= Tuệ Trung =

Tuệ Trung Thượng Sĩ (慧中上士) (1230–1291) was an influential Buddhist lay practitioner and skilled poet of the Thiền (Zen) tradition during the Tran Dynasty in Vietnam. Tue Trung authored treatises on Pure Land and Thien teachings.

==Biography==

In his early years, Tue Trung was the eldest son in a branch of the royal clan of Tran with the lay name of Trần Tung (陳嵩). He was the elder brother of the Queen of Vietnam, Nguyên Thánh Thiên Cảm (wife of King Tran Thanh Tong and mother of King Trần Nhân Tông), and of the famous general-saint Trần Hưng Đạo.

In the Tran campaigns that confronted the Sino-Mongolian invasion of Kublai Khan, in 1285 and 1288, Tran Tung was among the generals who repelled the Mongol invasions.

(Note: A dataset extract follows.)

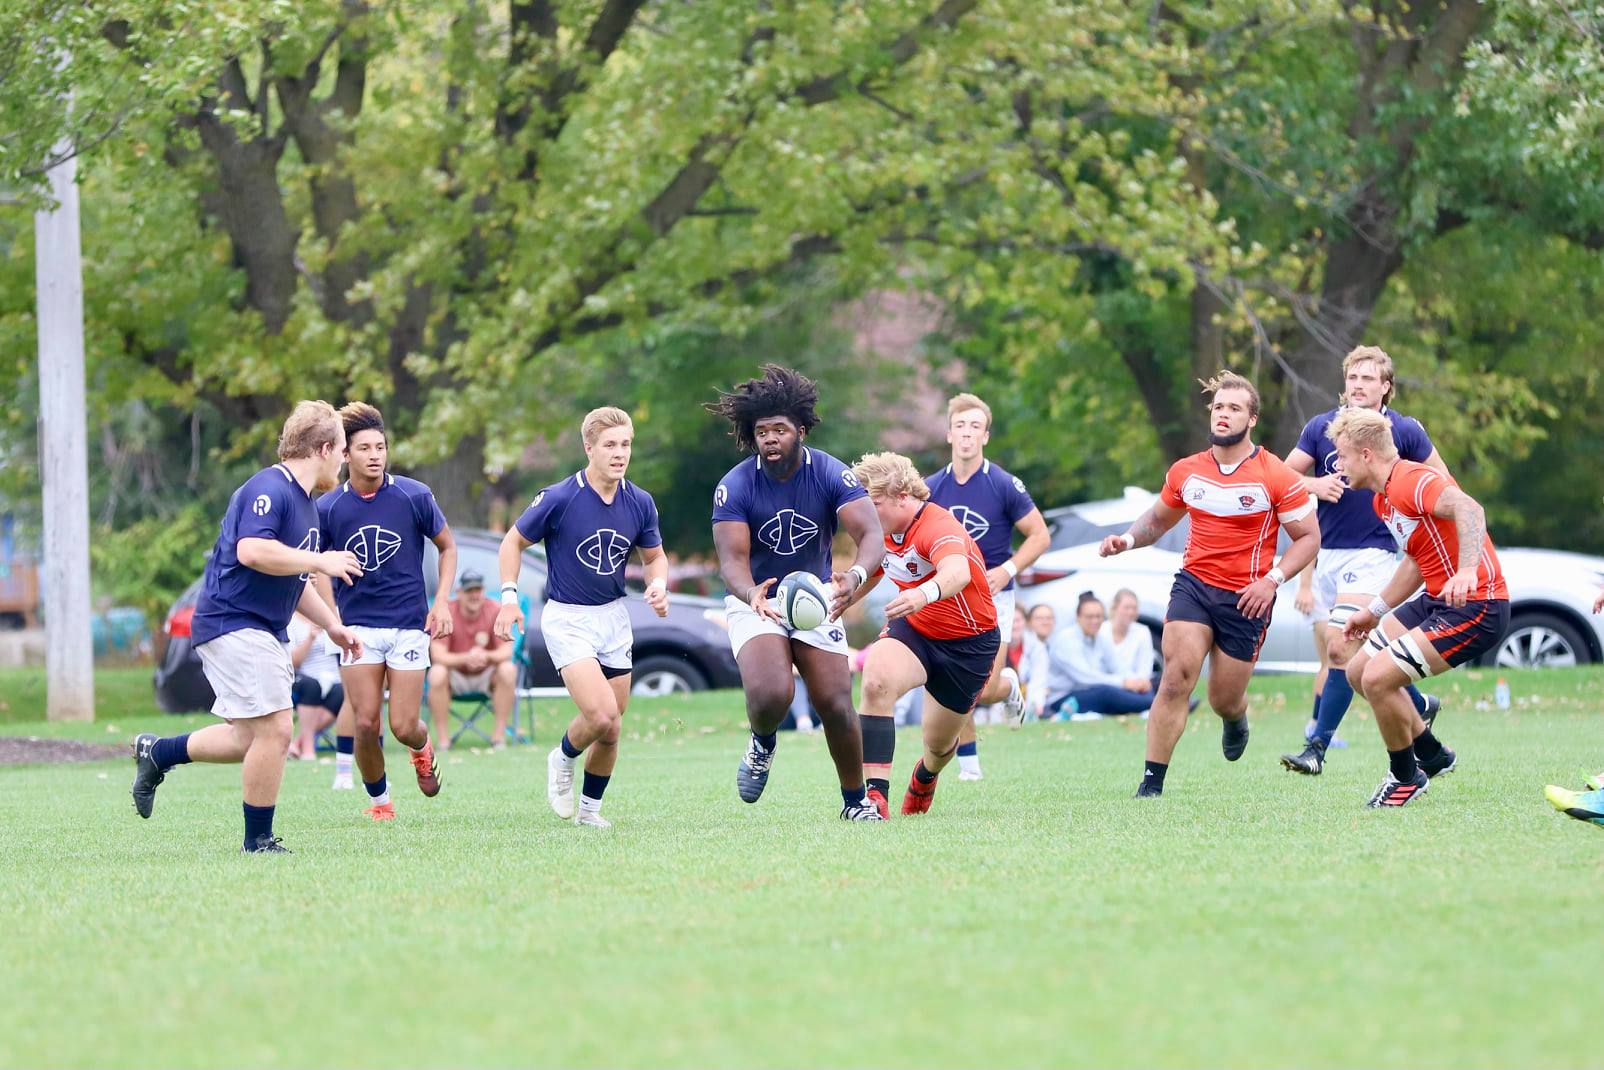 Final home match for Iowa Central rugby Saturday

When the campaigns had concluded, he retreated from worldly activities and became a Buddhist practitioner.

His teacher was a monk named Tieu Dao, a representative of the Wu Yantong lineage of Buddhism, named for its founder, a student of Baizhang Huaihai who had come to Vietnam. Tue Trung is considered Tieu Dao's best pupil. He would not leave home for monastery, but his vast education and his ability to explain the Buddhist doctrine made him the most famous Buddhist teacher of his time.

In his turn, Tue Trung made his spiritual heir Trần Nhân Tông, the king who after abdication founded the Trúc Lâm (Bamboo Grove) school, the tradition of Buddhism that is sometimes considered to be the first Vietnamese-born Buddhist tradition.

Via Trần Nhân Tông, Tue Trung is part of the lineage of such modern Buddhist masters as Thích Nhất Hạnh.

== Teaching and heritage ==
Being essentially a Chan Buddhist tradition, the teaching of Tue Trung emphasized non-duality up to demonstrative negation of the value of formal meditation and rituals.

Tue Trung's magnum opus, The Analects of Tue Trung Thuong Si, is a Buddhist text written in form of dialogue, which survives to this day. Several of Tue Trung's poems are still cited.

Tue Trung became a legendary master often referred to in Buddhist lectures and literature. The most popular is the example of him stepping on horse's manure in silent reply to the question of the nature of Buddhism. He is being actively referred to as a central Vietnamese Buddhist image to this day.